For those curious like me, NeRFs are Neural Radiance Fields: https://www.matthewtancik.com/nerf
Funny, I just discovered that a few days ago while listening to the engineers talk at Tesla’s AI Day. They mentioned it (I think for their occupancy stuff), I didn’t know what it was and found the same site.
NeRF applied to Maps soon
https://twitter.com/jeffdean/status/1524612819160735745?lang...
another paper toward Earth sized multi scale models (5 minutes)
So a bunch of news sites have reported this feature has already rolled out. For example: https://www.engadget.com/google-maps-aerial-view-landmarks-0...
And lo and behold I see something that looks like a 3d rendered view at the top of the entry for "Tower of London".
Except - it's just a video. A rendered video of a 360 view. Tried on Android and iPad. There's no freedom of movement, it plays a single look and even says "report this video" when you click the 3 dots.
Are the news reports wrong - or do the writers not know a video when they see one?
Just saw this on twitter and the results look pretty awesome https://twitter.com/akanazawa/status/1577686321119645696?s=2...
I tried it today. Nerfstudio is amazing. I also like the pragmatic approach to its UI: launch a command-line / text UI program, publish a localhost URL, access a rich WebUI in the browser.
NeRF rendering latency is extremely low and frames are delivered over WebRTC. Which means that there's no fundamental problem to stream WebUI over the Internet.
Nerfstudio already supports all leading NeRF flavours and also includes their own. It instantly makes a staple for all future NeRF research.
I am extremely excited for this technology to mature to a point where realtime novel view synthesis becomes possible. The idea of being able to take a few photographs and be able to recreate an appreciably decent 6DOF viewing experience is a very powerful enabling technology.

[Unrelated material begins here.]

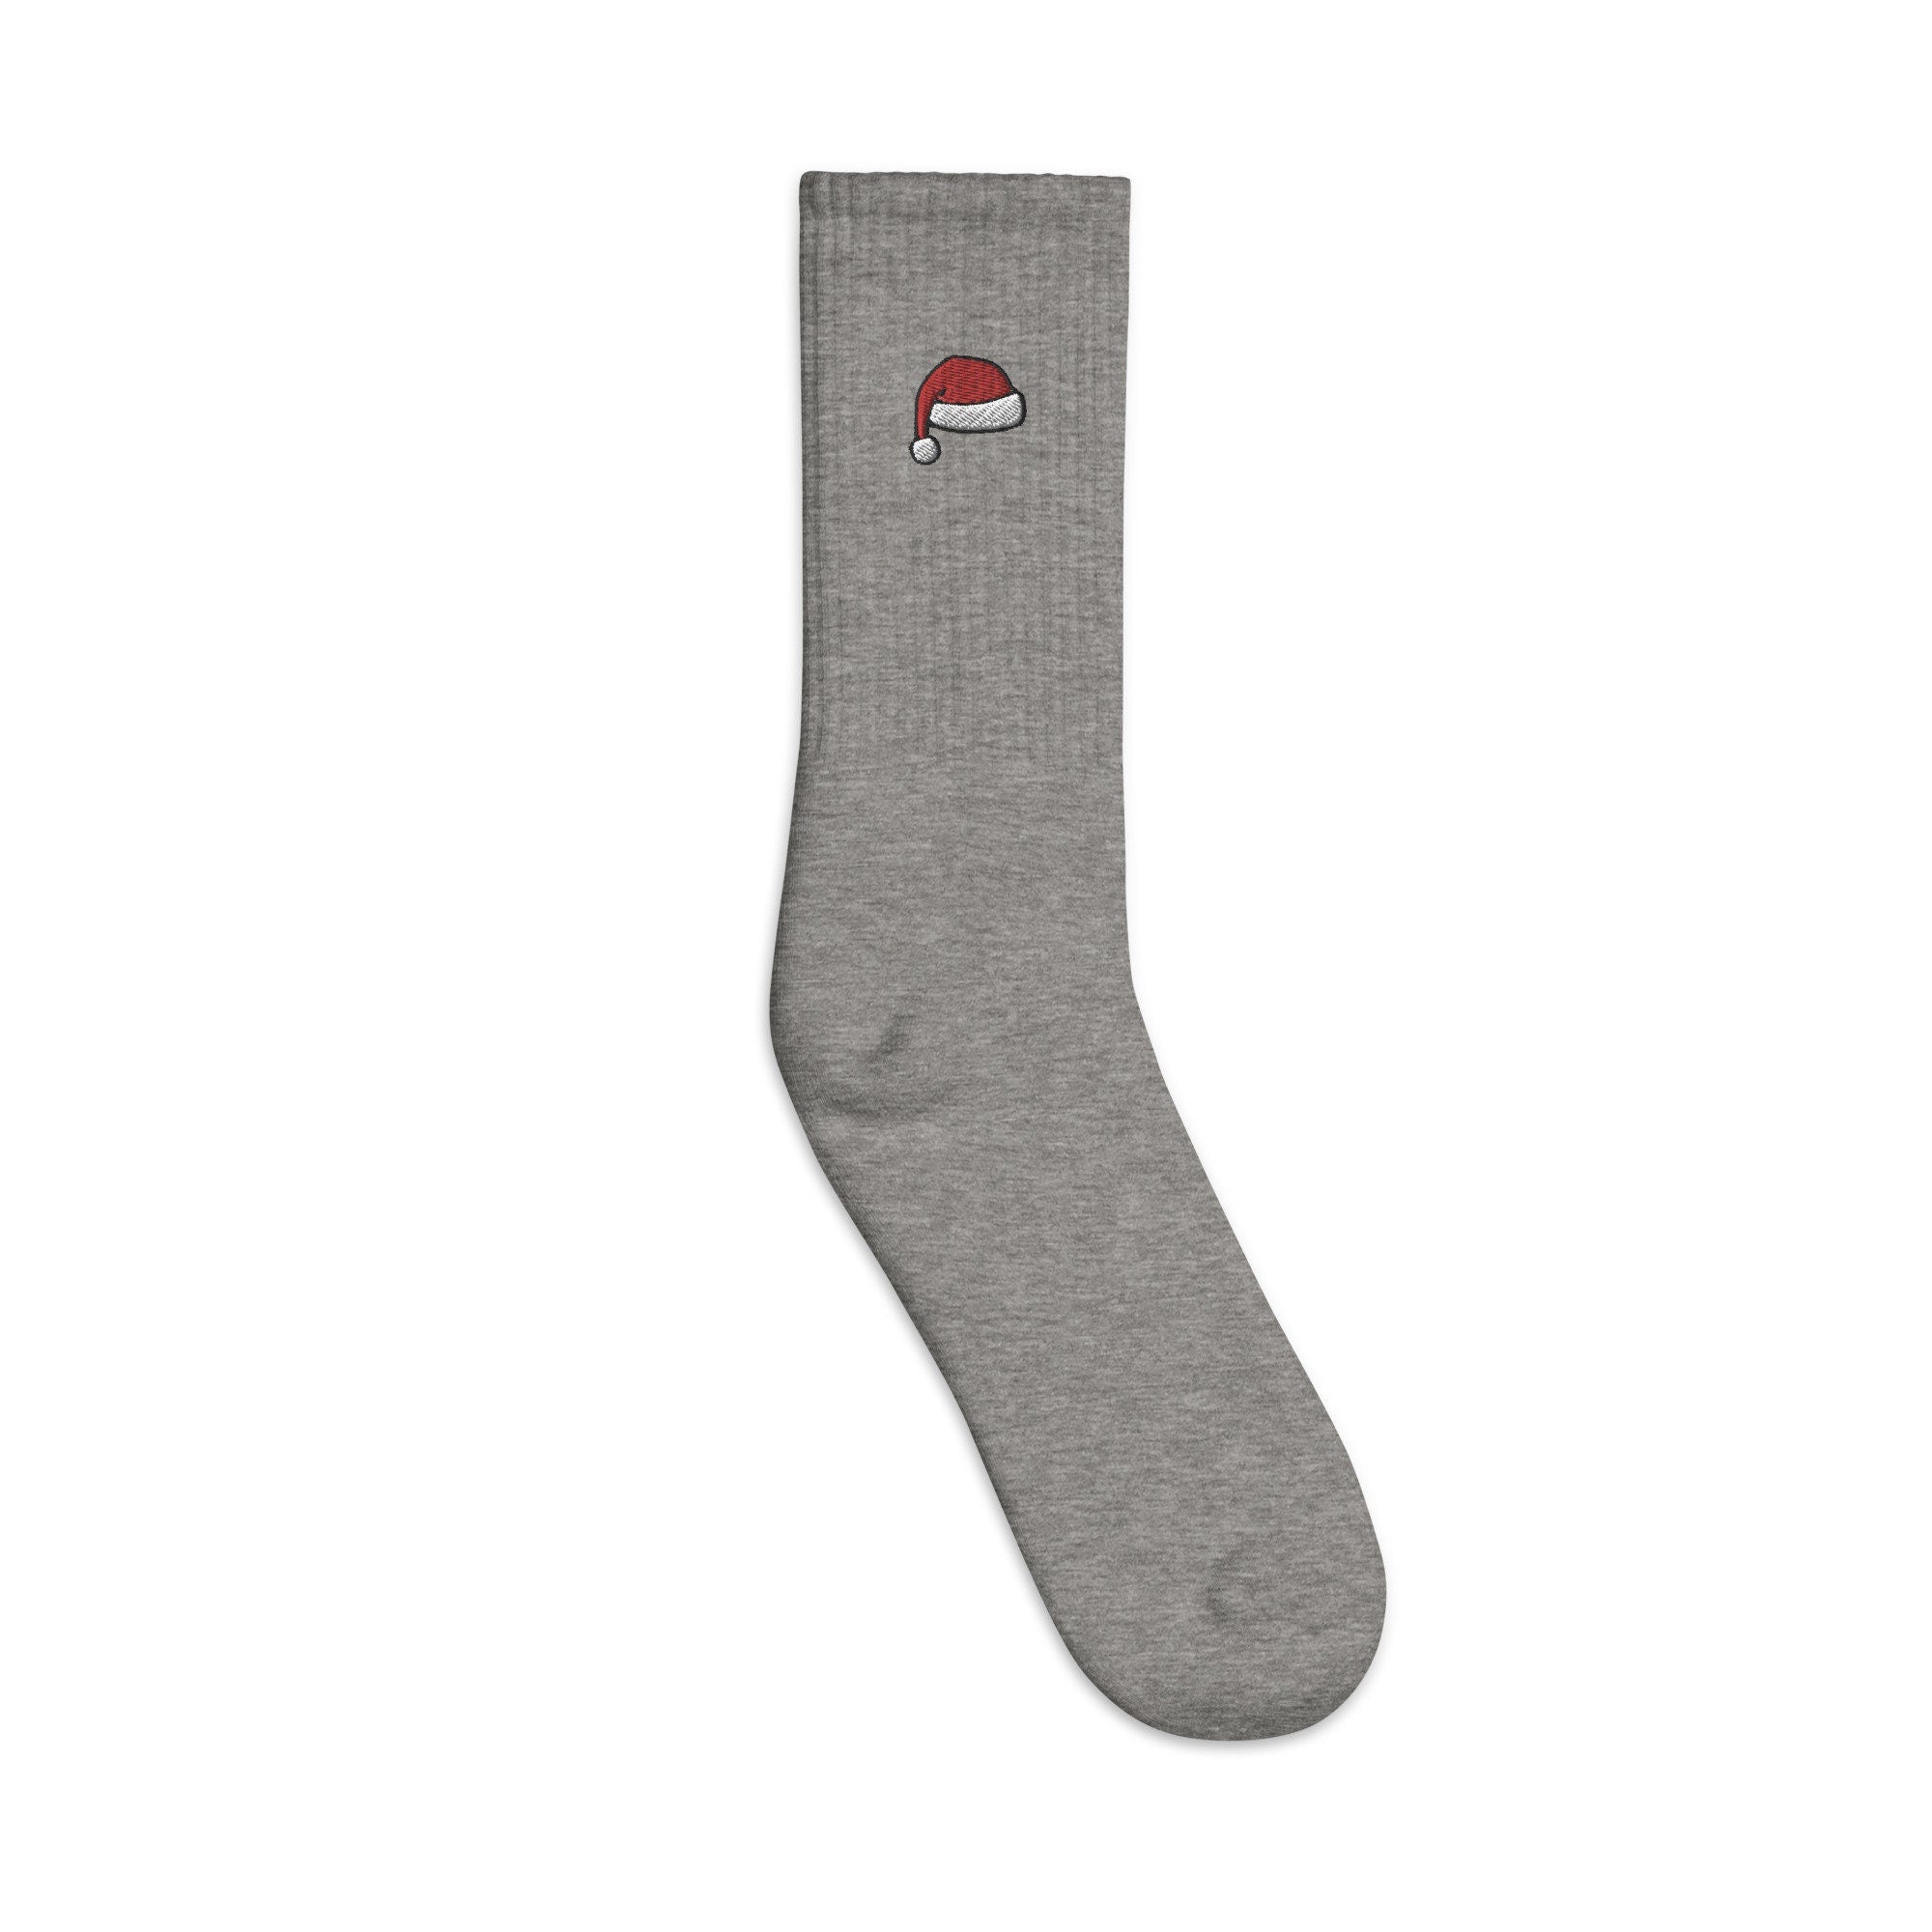 Santa Hat Embroidered Socks, Santa Premium Embroidered Socks, Long Socks Gift - Multiple Colors

Nerfstudio looks like something that is finally accessible enough that I will be able to start experimenting without having to spend enormous amounts of effort on tooling. Can't wait to check it out! It looks like some of the processing pipelines might be a good fit for merging with WebODM to make it even more friendly to work with.
Real time novel view synthesis is already possible. In fact, I recently saw someone demo a version that ran in WebGL2 shaders on smartphones, so it's not terribly taxing.
Thanks very much for the reference. I'm curious about this but unfortunately not enough to keep up with the nooks and crannies where it's being worked on!
> The idea of being able to take a few photographs and be able to recreate an appreciably decent 6DOF viewing experience is a very powerful enabling technology.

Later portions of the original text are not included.